Which is the best and where can I get it for a good price? Does anyone know if pets at home do any others in store apart from what's on the site

Also, for anyone that has read my other threads I have finally located the hamsters peeing spot! I never thought I would find that so exciting! Lol, had a good look/feel/sniff round last night (not the most pleasant) and they do it in their separate 'exercise' cage which is handy from a cleaning point of view as I can cut it off whilst doing it and it's a much smaller area than cleaning the main cage more than once a week. Good little hamsters! :thumbup:


----------



## EmzieAngel (Apr 22, 2009)

I had bought a silent spinner from pets at home and it still made the same noise.


----------



## cherrie_b (Dec 14, 2008)

haha!! I am glad you found the wee space! :thumbup:

I have 5 regular silent spinners and they are great...if you want extra silent spinning, you could add some vaseline/veg oil to the spinning mechanism. 
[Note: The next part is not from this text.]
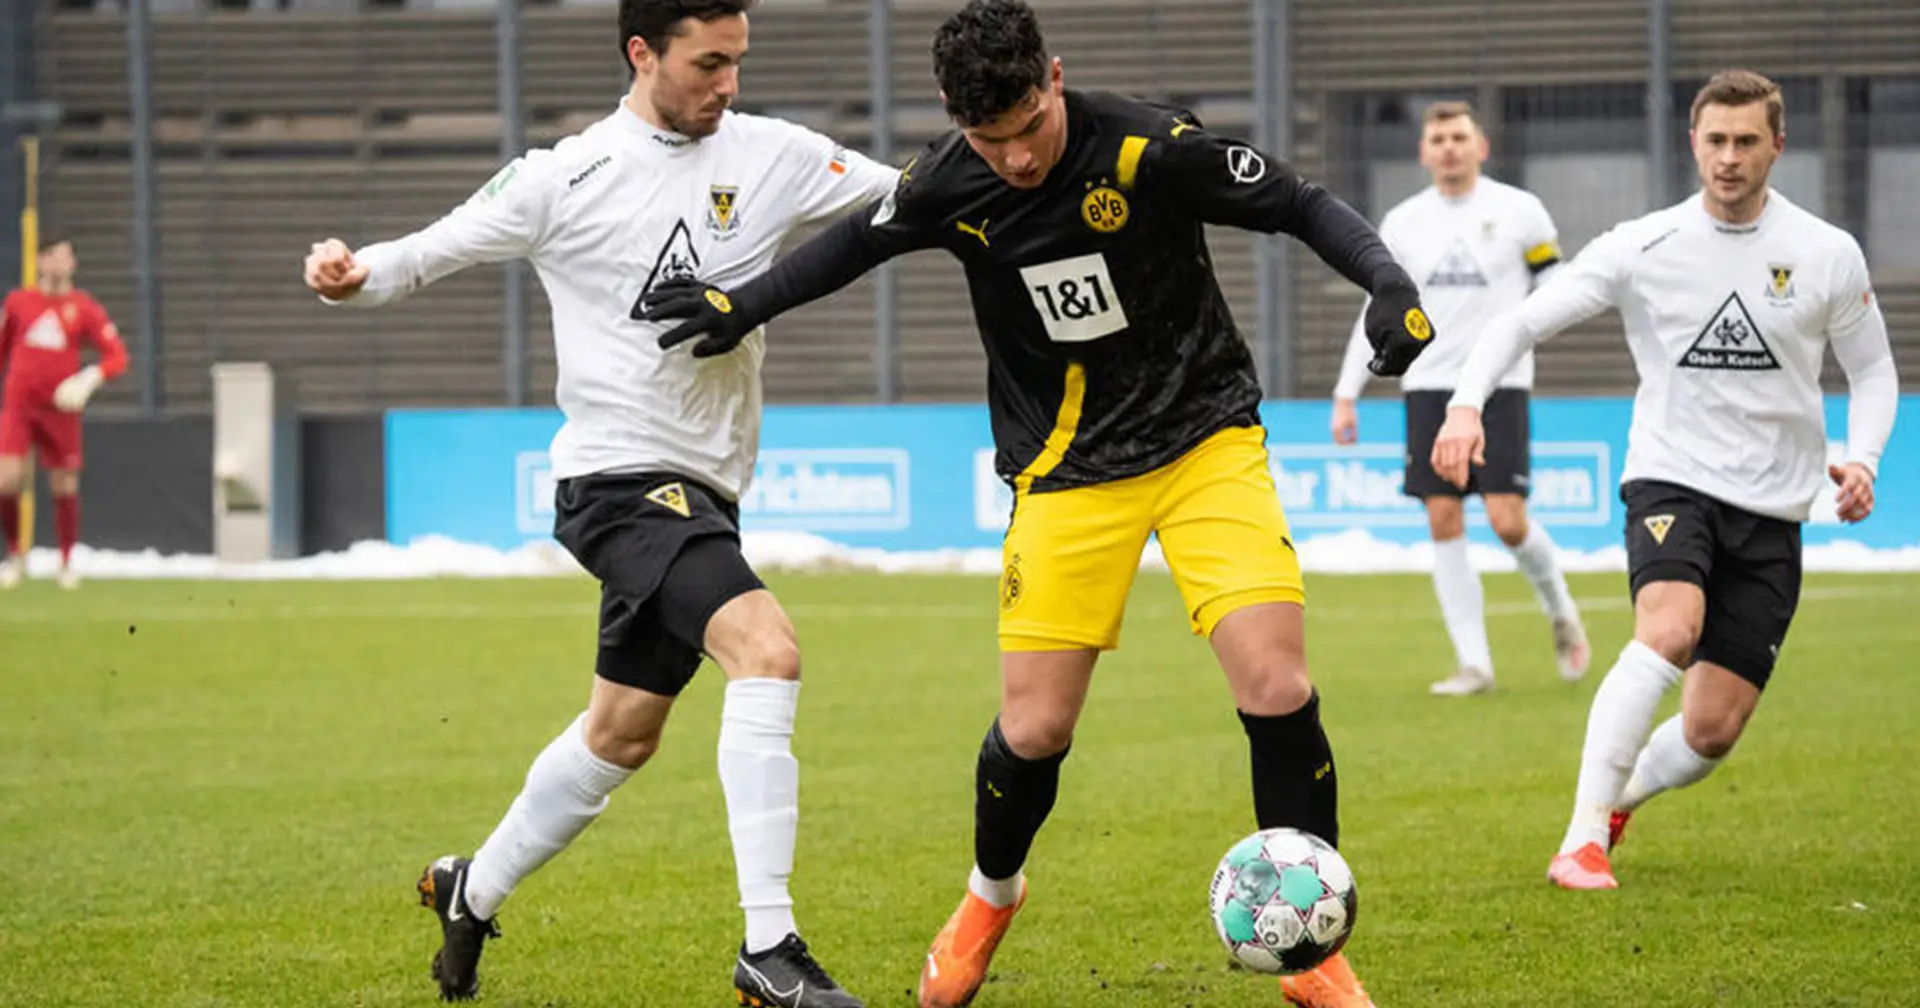 U23 des BVB schlägt Alemannia Aachen

I also have the biggest silent spinner and this works by a different mechanism and is not that silent...so vaseline had to go on it!
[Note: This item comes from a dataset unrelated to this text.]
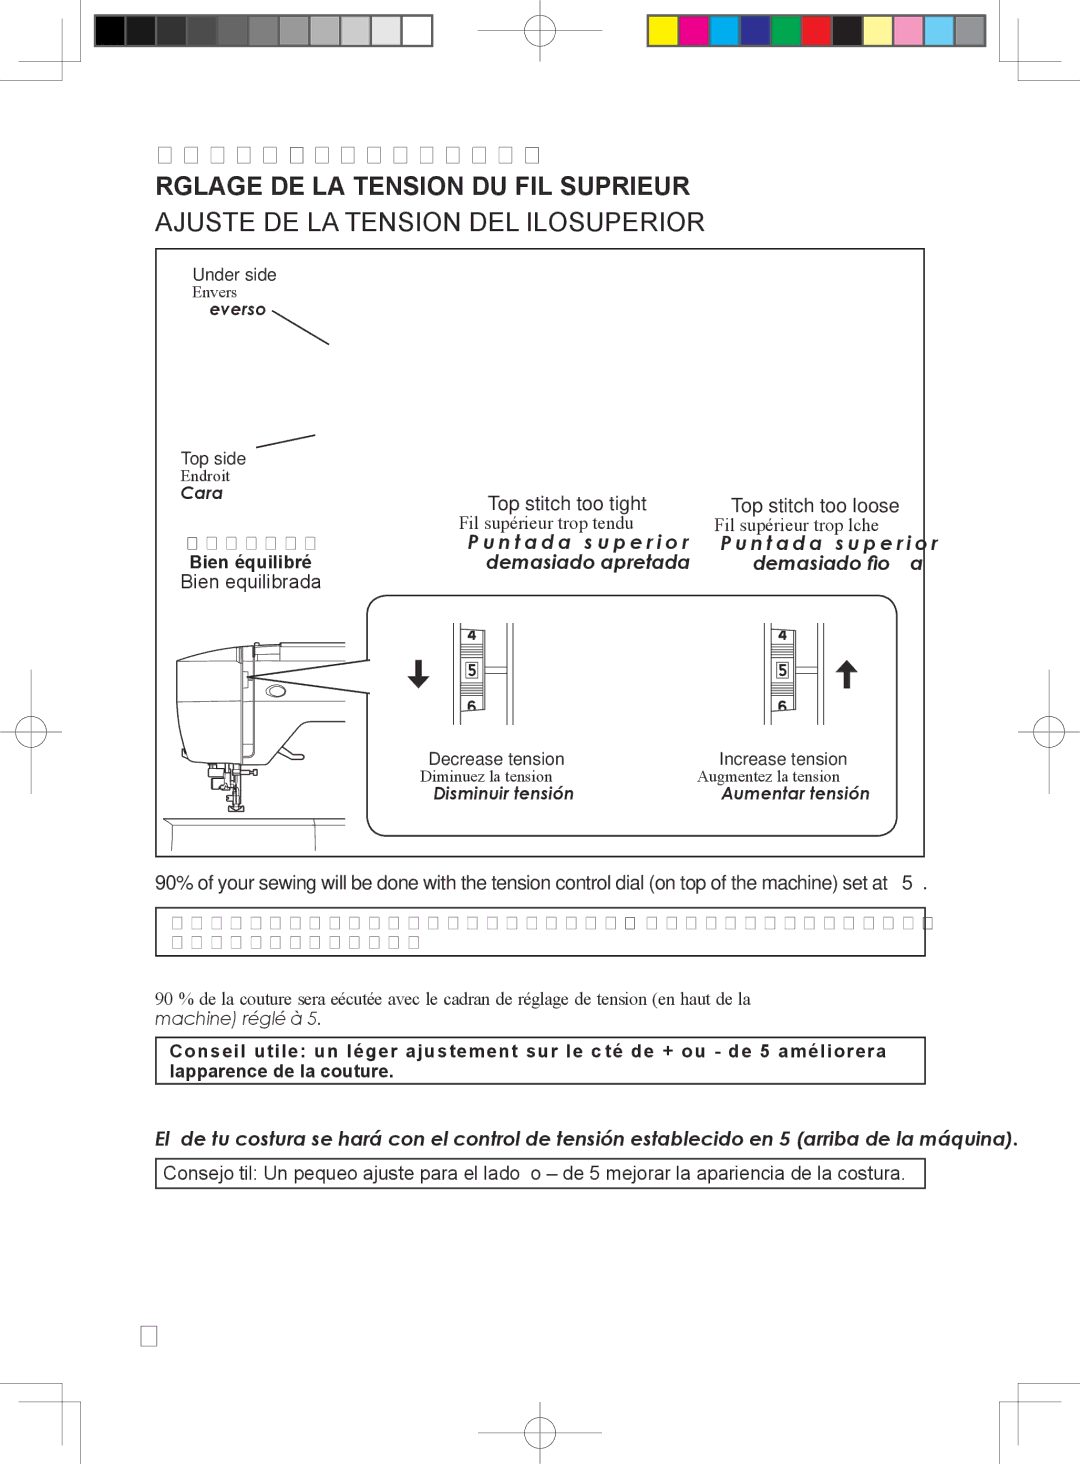 Singer 5400 instruction manual Adjusting TOP Thread Tension, Ajuste DE LA Tension DEL Ilosuperior

[email protected] only sell the regular, 6.5inch, silent spinners. Currently, they are the cheapest around!


----------



## Chinquary (Mar 5, 2009)

They aren't silent as such, but they make a hell of a less racket than normal ones. I've had to buy a new one though, because it got very noisy through wear.

Due to the actual running on the wheel and friction, it would be impossible to have a completely silent wheel.
Also, some noise comes from what the wheel is on, rather than the wheel itself. For example, I find that when fixed on the cage bars, it causes the bars to resonate, but when it is on the stand in the tank, it wobbles a bit more on the floor.

But still, much much quieter than say the savic ones.


----------



## Marcia (Mar 10, 2009)

I've found that mine arn't that quiet either but their still much more quiet than the other ones i had lol


----------



## Tillski (Jan 8, 2009)

I went for the flying saucer one in the end as i thought we might not have enough height in the cage for the silent spinner as it has a sort of pyramid shaped top. One of the hamsters has investigated it so far but doesn't quite know how to work it properly and seems to have given up - it did look a little awkward to co-ordinate - anyone else have difficulties with theirs?

A pic of it in its new home and also one of Casper (again, still no Mr Tibbs!)


----------



## CharleyRogan (Feb 20, 2009)

Maisie loves the flying saucer I got for her! I was thinking of getting one for Ella since she never uses her silent spinner. I found them not be silent but to be very quiet and I thank god because Misty runs in that wheel none stop!

Char
xxx


----------



## tris (Apr 16, 2009)

i covered the axle on my cheapo wheel with sunflower oil, and lubricated the bore hole that it goes in to.

either the hamster no longer uses the wheel anymore or it is now completley silent. it used to sound like someone screaming before.

id suggest giving that a go.


----------



## spankingtigger (Mar 24, 2009)

i love my silent spinner all i hear from mine is a slight windy whistle no clickity clackaty annoying noise lol


----------



## happysaz133 (Jun 5, 2008)

They aren't silent, but they are quieter than a lot of wheels. Its just a shame they are too small for Syrians.


----------



## Marcia (Mar 10, 2009)

I've never seen those flying saucer wheels around 
Although i do have a giant metal flying saucer for the chins and the degus


----------



## Just_meeeeee (Mar 10, 2009)

I Have 3 Silent Spinners, && All Of Them Are Dead Silent. The Only Noise I Hear Is When They Run That Fast && The Wheel Moves & Goes Against Something.
lol But No Noise At All 
Where Can You Buy Large Ones? I Can Only Find Medium & Giant.

xx


----------



## Tigerneko (Jan 2, 2009)

Are the flying saucers suitable for Syrians? I've seen them in [email protected] but it just looked a little too small for a syrian. It also looks like they could just fall off it at any moment LOL


----------



## CharleyRogan (Feb 20, 2009)

LOL they do! Its quite funny or they'll stop and they just spin round and round. Maisie really loves hers, they do make a bit of sound but not overally loads. She has lost so much weight from being a fatty hamster to an ickle cute hamster again.

Char
xxx


----------